Together, our understanding of the molecular features regulating HIV-1 proviral transcription have provided important clues for devising mathematical models as described in the section below.

4. Transcriptional Bursting and Mathematical Modeling

4.1. Transcriptional Bursting and Gene Expression Noise

The above section briefly described the molecular features that could regulate the process of HIV-1 transcription. In this section, we focus on the modes of HIV-1 transcription during latency and reactivation. Transcriptional bursting, which refers to the intermittent production of bursts of transcripts [97], is a characteristic feature of HIV-1 transcription [92,98], and is a major source of gene expression heterogeneity [99,100,101]. Transcriptional bursting appear to be regulated by a plethora of molecular factors, including TF regulation [102,103], chromatin environment [101], nucleosome positioning [104,105], and regulation of promoter-proximal RNAPII pausing [106,107] and recycling [108].
The chromatin environment can modulate the frequency and magnitude of transcriptional bursting by influencing TF binding, nucleosome positioning, and RNAPII recruitment and pausing [109,110]. In latent cells, it has been proposed that the chromatin environment is repressive with lower accessibility [89], and that RNAPII promoter-proximal pausing prevents proviral transcription and is essential for latency maintenance [92]. In reactivated cells, the chromatin environment switches to an active conformation and accessibility increases, and the viral factor Tat releases paused RNAPII to induce proviral transcription.

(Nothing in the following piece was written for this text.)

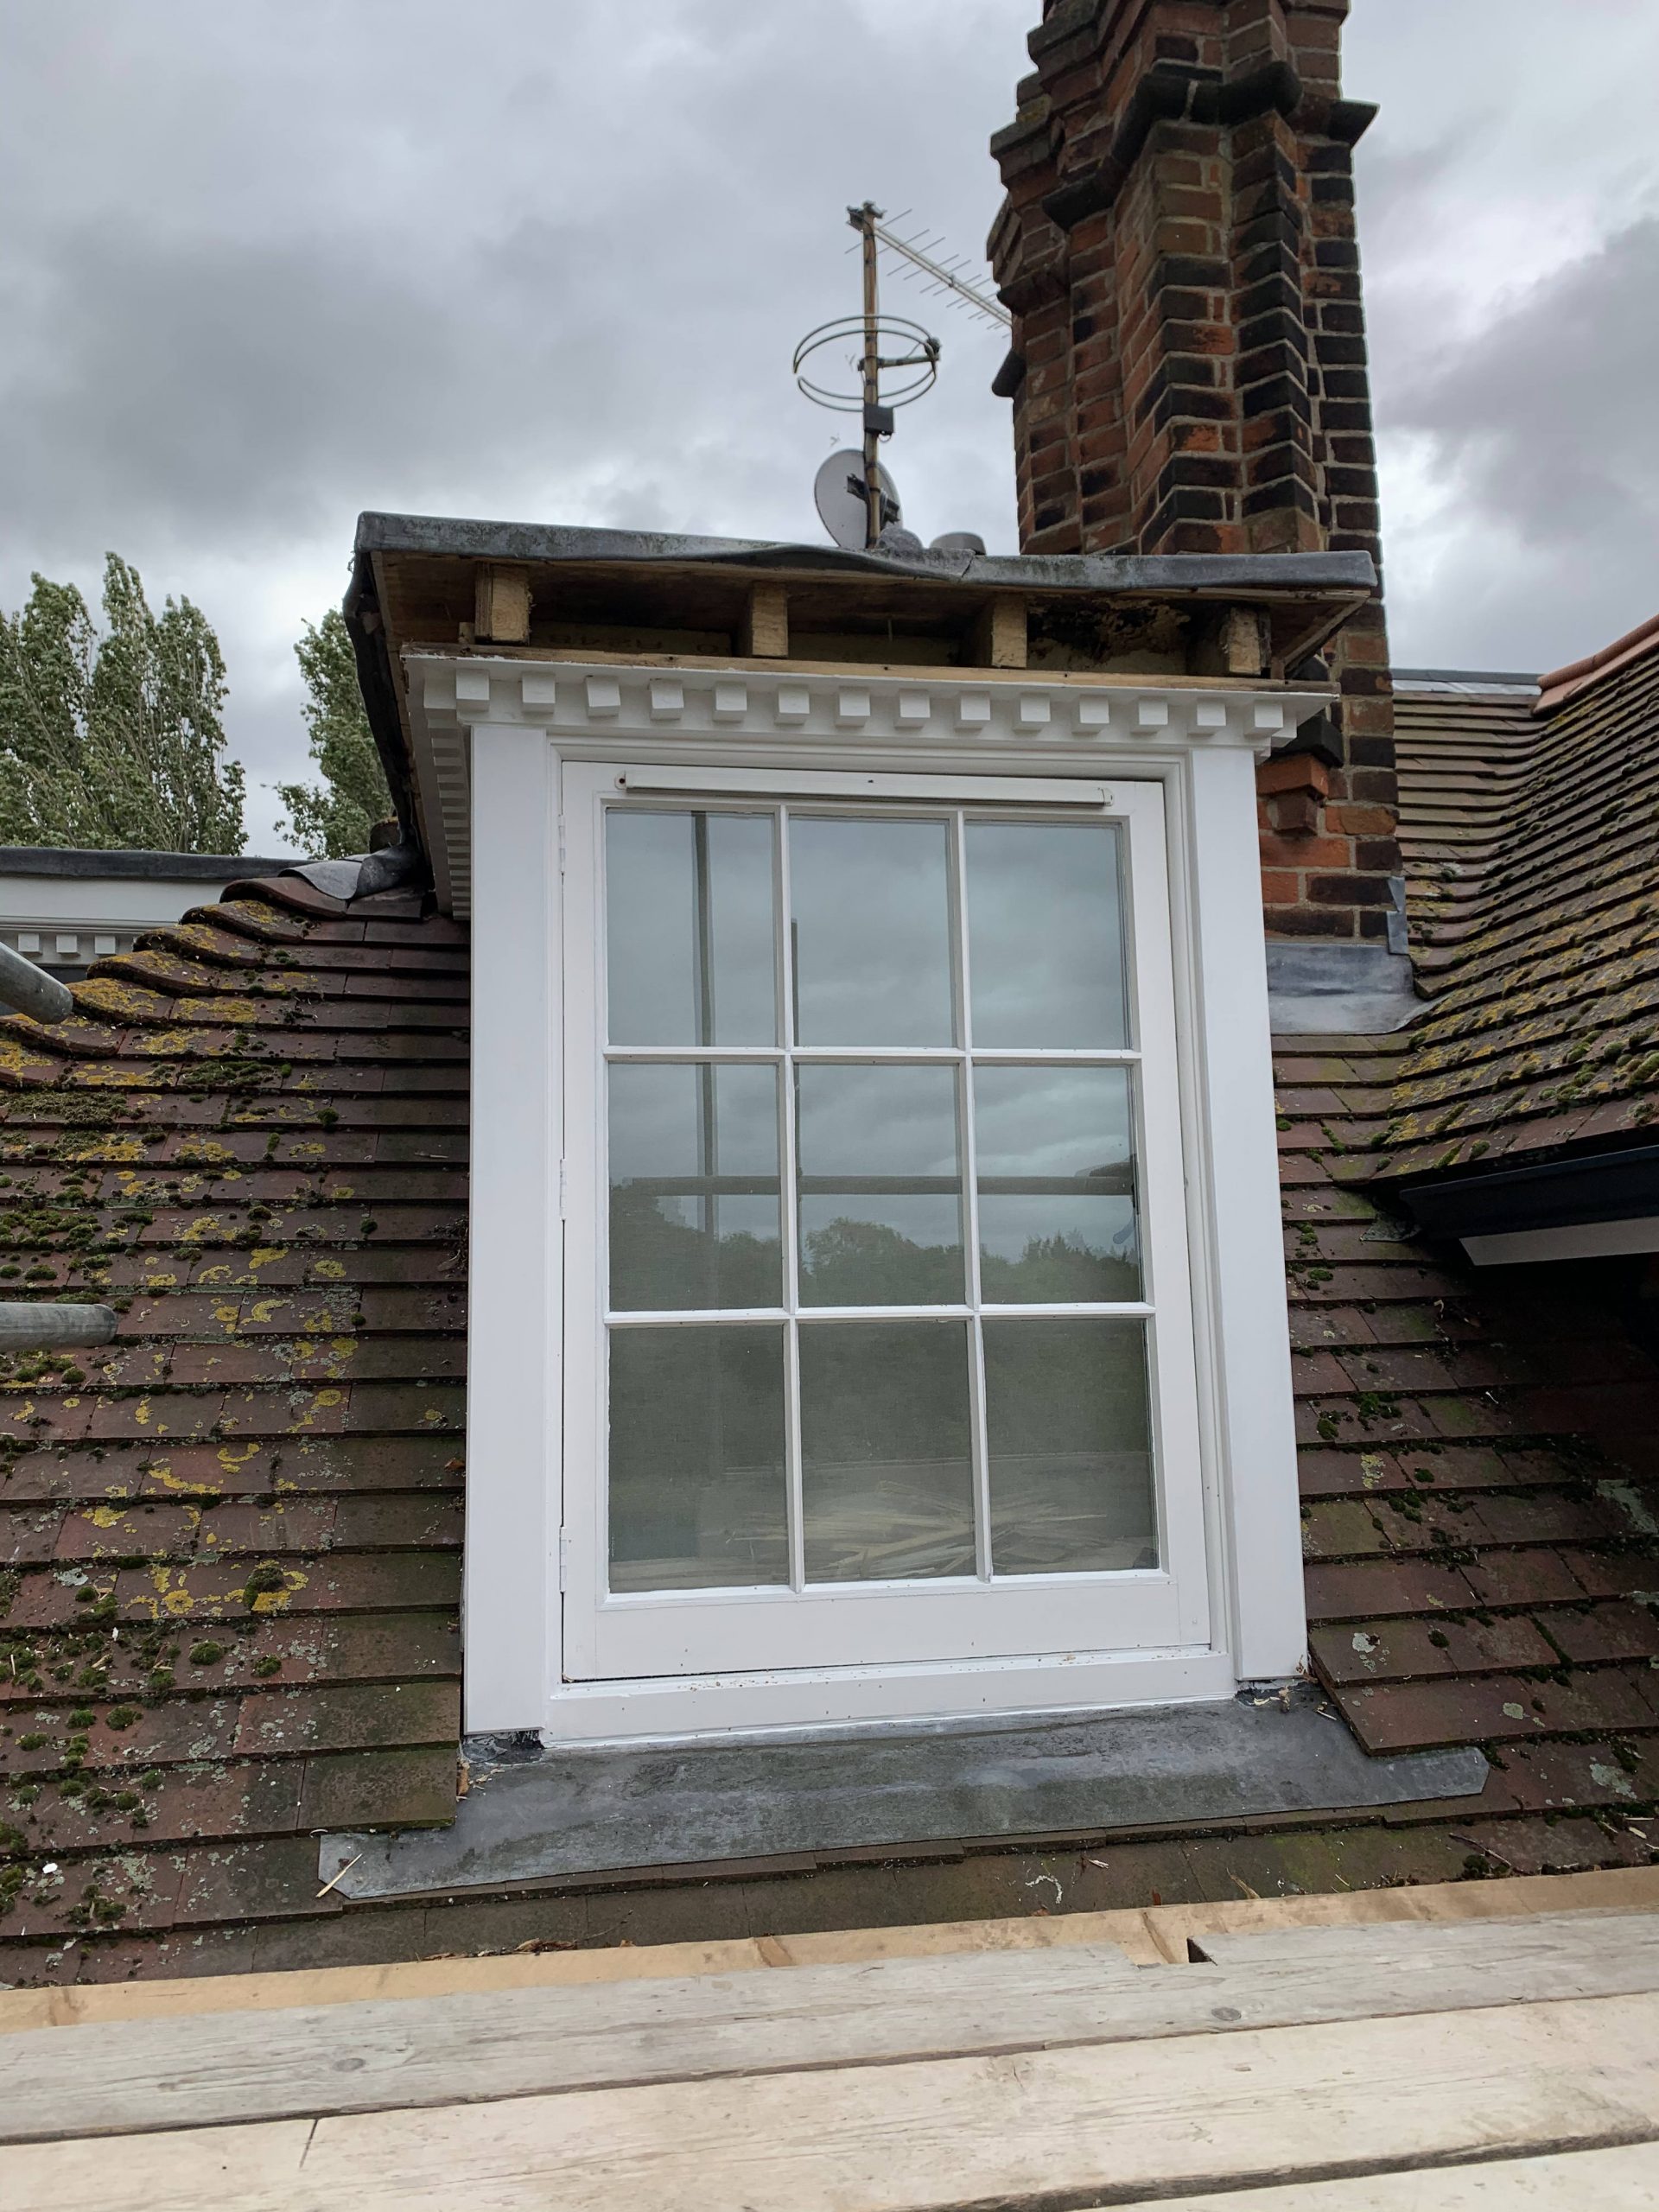 Window Restoration

The behavior of RNAPII pausing at latent proviruses was proposed to be stochastic (stochastic pausing), thus generating transcriptional bursting, which then contributes to the stochastic reactivation of latent HIV-1 [92].
Host TFs play crucial roles in modulating transcriptional noise by recruiting molecular complexes that affect various aspects of transcriptional bursting. Several studies have explored how TFs influence inducible gene expression noise, but they often lack a direct connection between molecular details in the transcription process. When a signal from the immune microenvironment (e.g., the pro-inflammatory cytokine TNF α ) initiates a cell signaling cascade, it activates the master TF NF- κ B, which operates through a multi-layer regulation of essential steps to activate the provirus, including binding to the LTR, recruiting histone acetyltransferases (HATs) such as CBP/p300, and recruiting the elongation factor P-TEFb, among others (reviewed in [111]). The recruitment of HATs leads to the destabilization of DNA-histone interactions within nucleosomes, increasing the accessibility of the promoter region. Once the promoter becomes accessible, NF- κ B then facilitates the recruitment of the Mediator complex [112], RNAPII, and other components of the PIC for assembly of the transcription machinery at the LTR. Recruitment of P-TEFb then releases paused RNAPII and enables efficient transcriptional elongation to proceed (reviewed in [91]).
The mechanism of transcriptional bursting produces gene expression noise. The effect of endogenous noise in cellular processes in general, and gene expression heterogeneity in particular, was predicted as early as the 1970s by Spudich and Koshland [113]. The theoretical analysis [114] and the direct measurement [115,116] of the physical basis of noise sources required 20 more years. Studies on the λ -phage, a bacterial virus, have provided a paradigmatic example of how stochastic thermal fluctuations in chemical reaction rates can influence the life-cycle decision between lysis and lysogeny. The life cycle of the λ -phage involves two distinct paths: the lytic cycle, where the virus replicates within the host bacterium and eventually lyses it, releasing new viral particles, and the lysogenic cycle, where the phage DNA integrates into the host genome and remains dormant. Stochastic expression from phage λ ’s divergent pR and pRM promoters is critical in controlling the λ switch, and can explain the phage’s non-deterministic lysis/lysogeny choice [117]. Subsequent experimental measurements of expression from the λ promoter and its operation in synthetic circuits confirmed its fundamentally stochastic nature [118].
In summary, transcriptional bursting and gene expression noise are intrinsic features of the HIV-1 transcriptional program and are regulated by a myriad of molecular processes contributing to the stochastic nature of HIV-1 latency reactivation.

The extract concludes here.